Introduction & Background

Proprioception is the internal sense of the relative position of neighbouring parts of the body. This sense is mediated by proprioceptors: mechanosensory neurons that are located within muscles, tendons, and joints. While nerve cells in the brain and limbs typically communicate the sense of proprioception, commercial prosthetics cannot interface with the neural system, and thus cannot recreate proprioception. Accurate movement control- especially hand-eye coordination tasks- is limited due to the lack of proprioception in commercial prosthetics. The lack of a critical sensation prevents many amputees from transitioning into prosthetic usage, leading 30% of amputees to forego commercial prosthetics altogether [3]. 50 to 80% of amputees experience phantom limb pain- the distressing sensation of pain in amputated limbs [4, 11]. Many researchers suggest that the source of phantom limb pain is defective peripheral or spinal mechanisms [27], specifically defective proprioceptive neural input [1, 28]. Thus, suitable artificial proprioceptive neural input in prosthetic limbs may ameliorate this pain and encourage more amputees to use their prosthetics in daily life.

Defense Advanced Research Projects Agency (DARPA), a United States government military research agency, is actively developing proprioceptive prosthetics, which may provide amputees with a number of medical benefits and a more fluid use of prosthetics [23]. Many groups are currently working to create accurate programming models that predict the output of afferent nerves, nerves which send information to the central nervous system, from proprioceptors (proprioception sensory organs).

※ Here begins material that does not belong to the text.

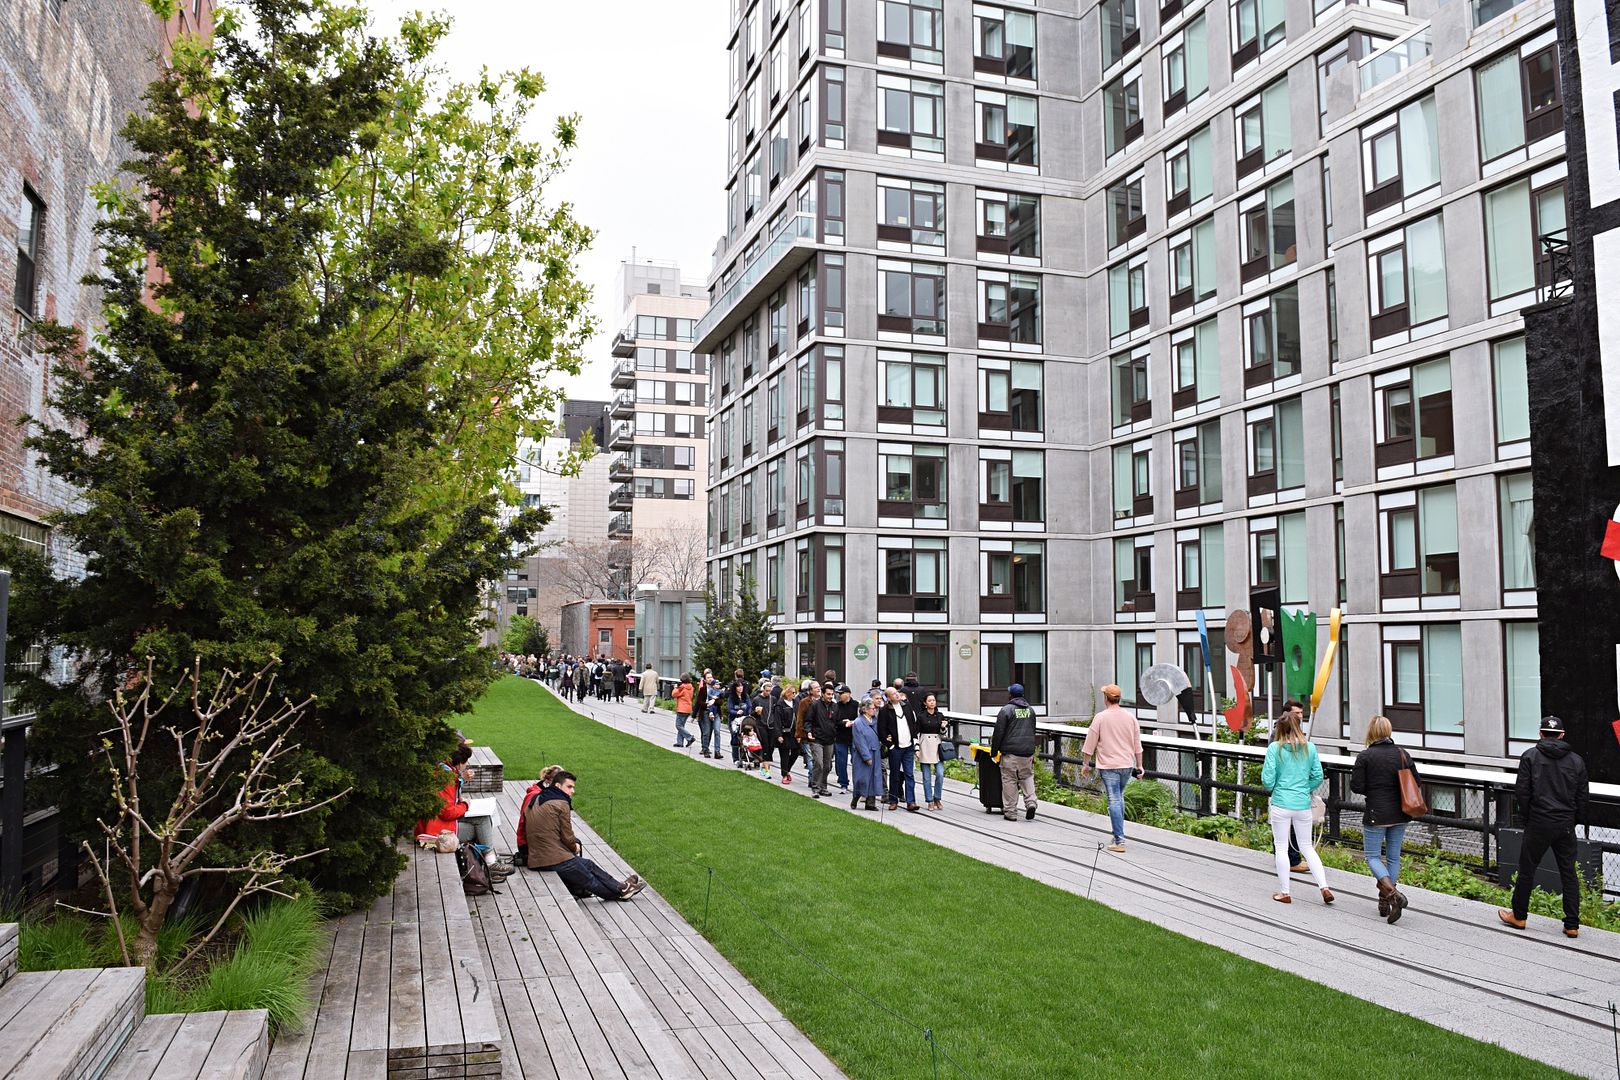 How to walk the Highline New York

Applicability of System Which Predicts Afferent Output From sEMG

A system that can predict proprioceptor afferent output in real time when given joint angles and torques has already been created and validated with experimental data. However, it is difficult to validate the system's accuracy in predicting human output, because the system is unable to predict afferent output from sEMG data and is not open-sourced [29]. Afferent output can be predicted by measuring the joint angles and torque forces of prosthetic limbs with sensors and inputting such information into the system. That system was validated with other proprioceptor models and afferent output data measured with microneurography, the technique of inserting electrode-tipped needles into proprioceptor afferent nerves to measure afferent output [10]. However, while taking many trials to record all joint angles and torques is required for biomechanical simulations with OpenSim, doing so non-invasively is not feasible in living humans. Therefore, while afferent output (the system's output) can be easily measured with microneurography, joint angles and torques (the system's input) are nearly impossible to measure, which makes validating that system for humans difficult. In comparison, a system with the input of sEMG and the same output of afferent output, as presented here, can easily and thoroughly be validated with human data. The system presented here cannot be directly applied to prosthetics, because sEMG cannot be recorded in the case of an amputee's amputated limb. Yet, with the input of joint angles and torques measured from prosthetics, and use of the OpenSim Inverse Kinematics tool, my system can be used for proprioceptive prosthetics. Additionally, proprioceptor simulation has other applications, including possibly providing proprioception in cases where the motor neurons can produce muscle excitations, but afferent output is incorrect or is not produced.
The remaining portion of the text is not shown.